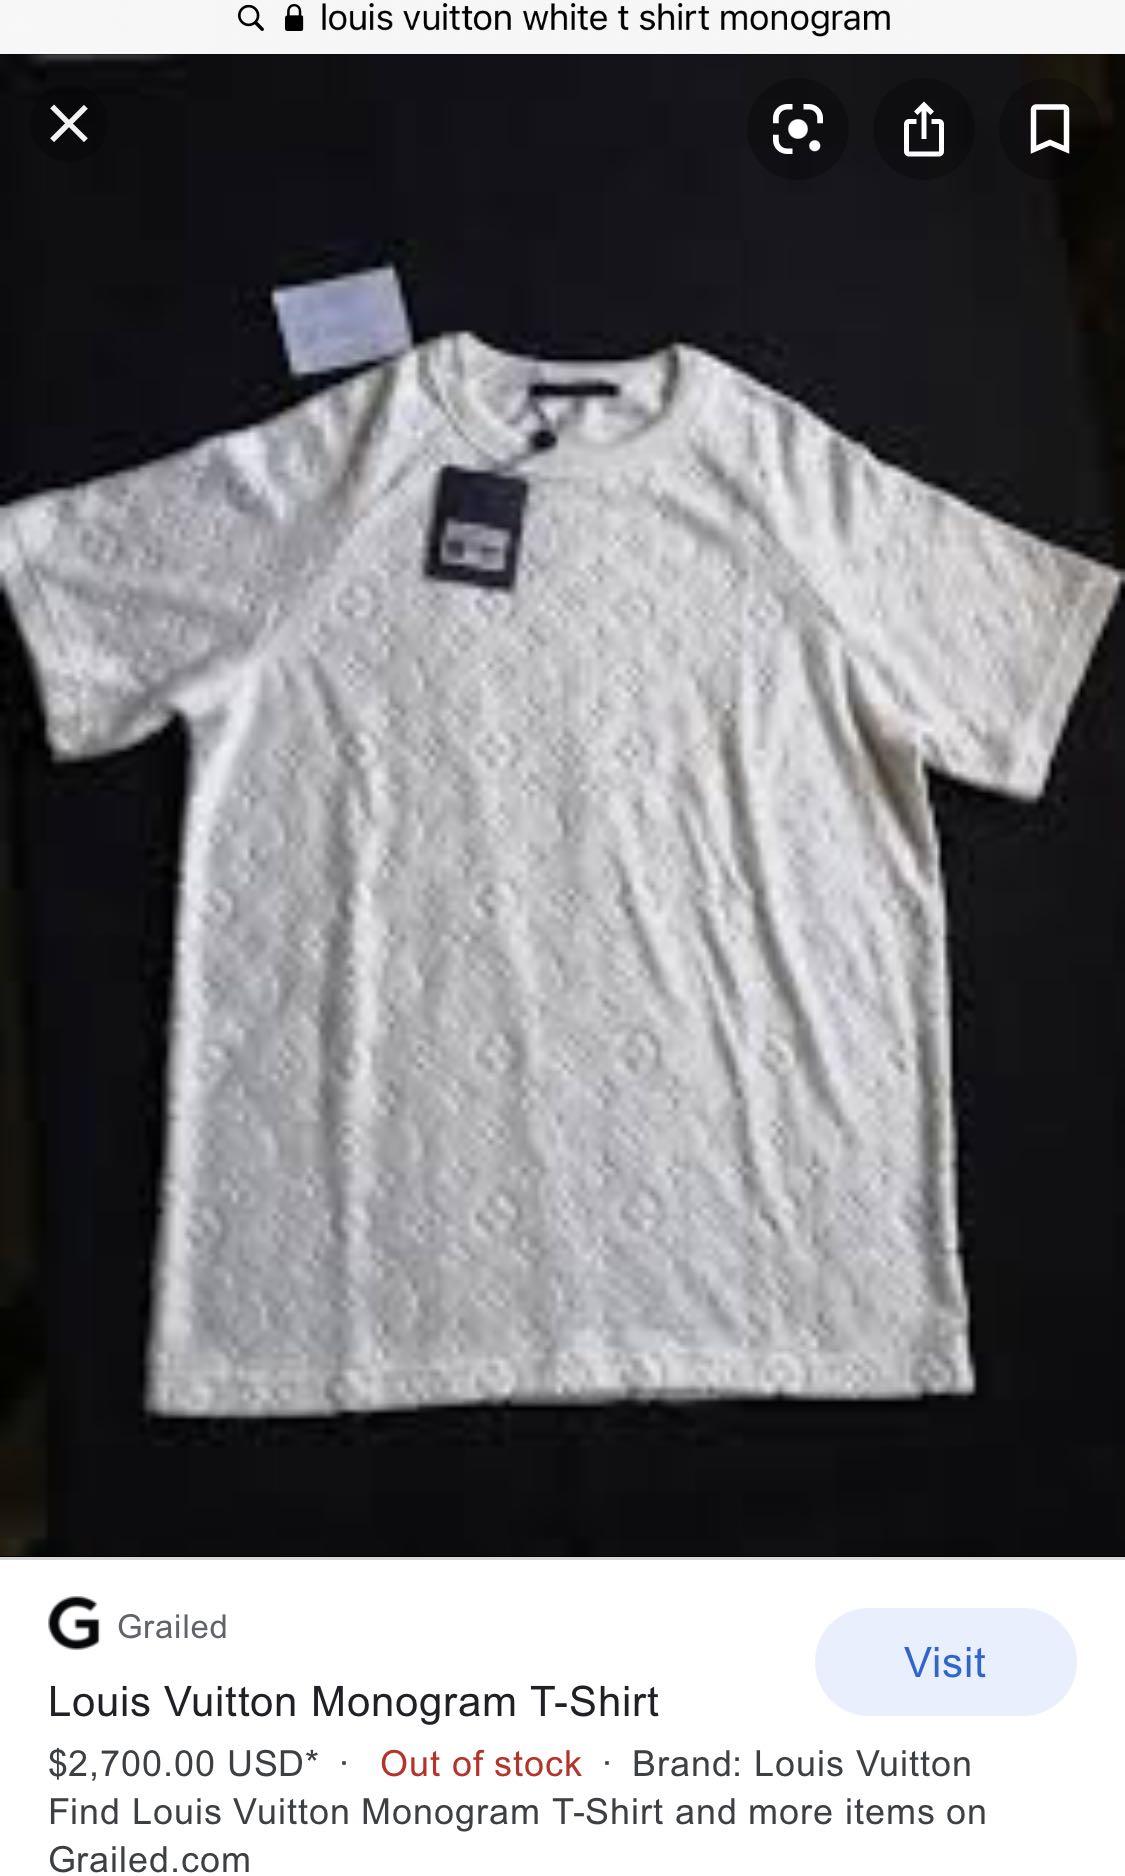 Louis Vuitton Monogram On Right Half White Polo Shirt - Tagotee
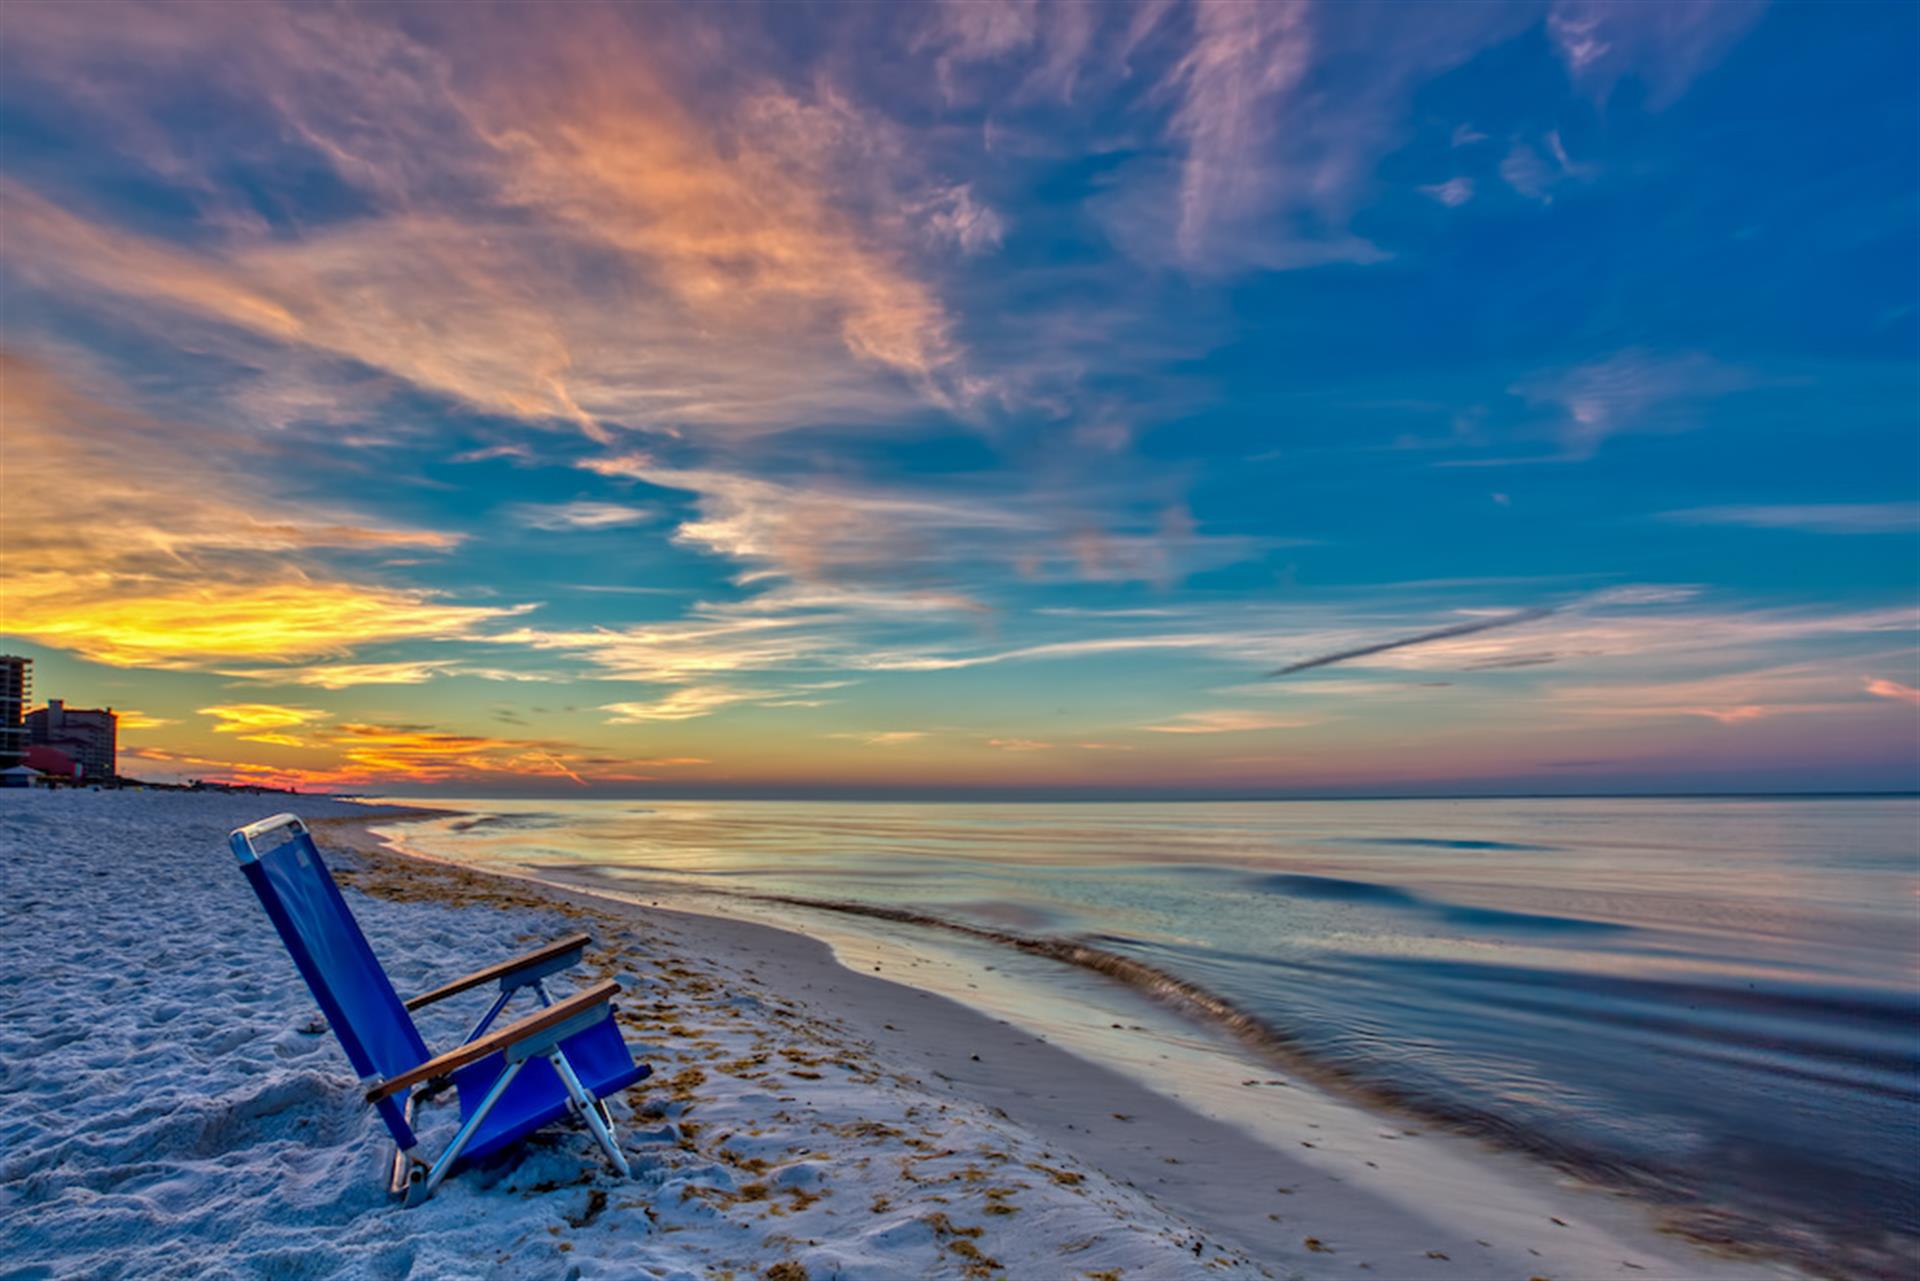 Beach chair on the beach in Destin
————
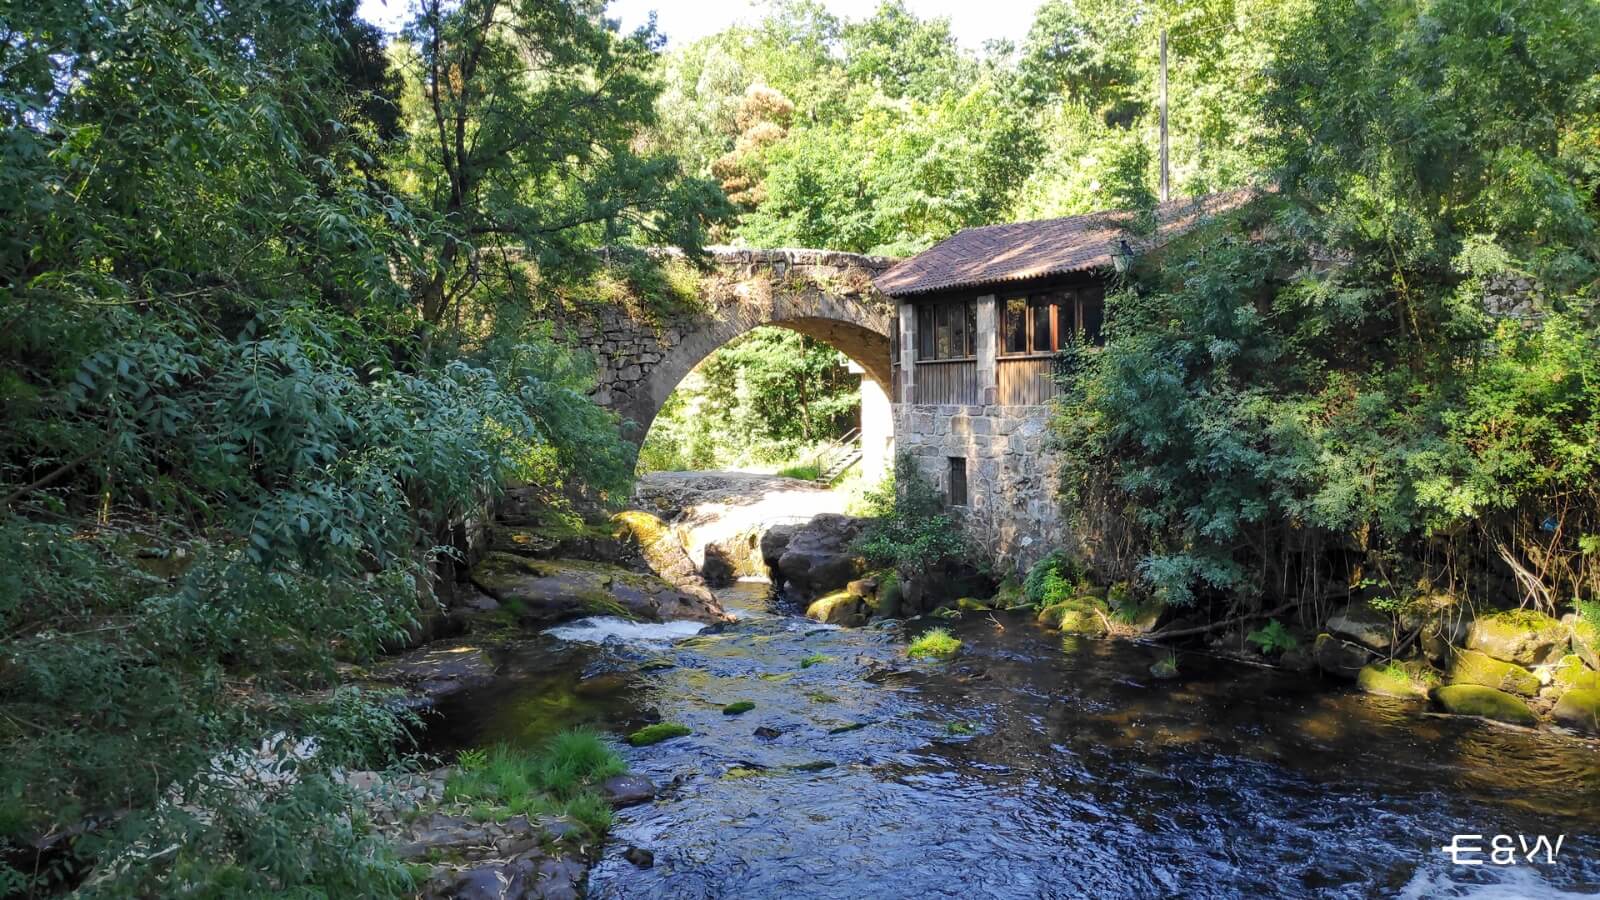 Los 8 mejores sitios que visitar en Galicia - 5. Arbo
————
Required action:
Within the listing above, the lines starting at the one containing "Louis Vuitton Monogram" and ending at the one containing "Beach chair on the beach in Destin" are to be returned exactly. Omit the pictures.

Written solution:
 Louis Vuitton Monogram On Right Half White Polo Shirt - Tagotee
 Beach chair on the beach in Destin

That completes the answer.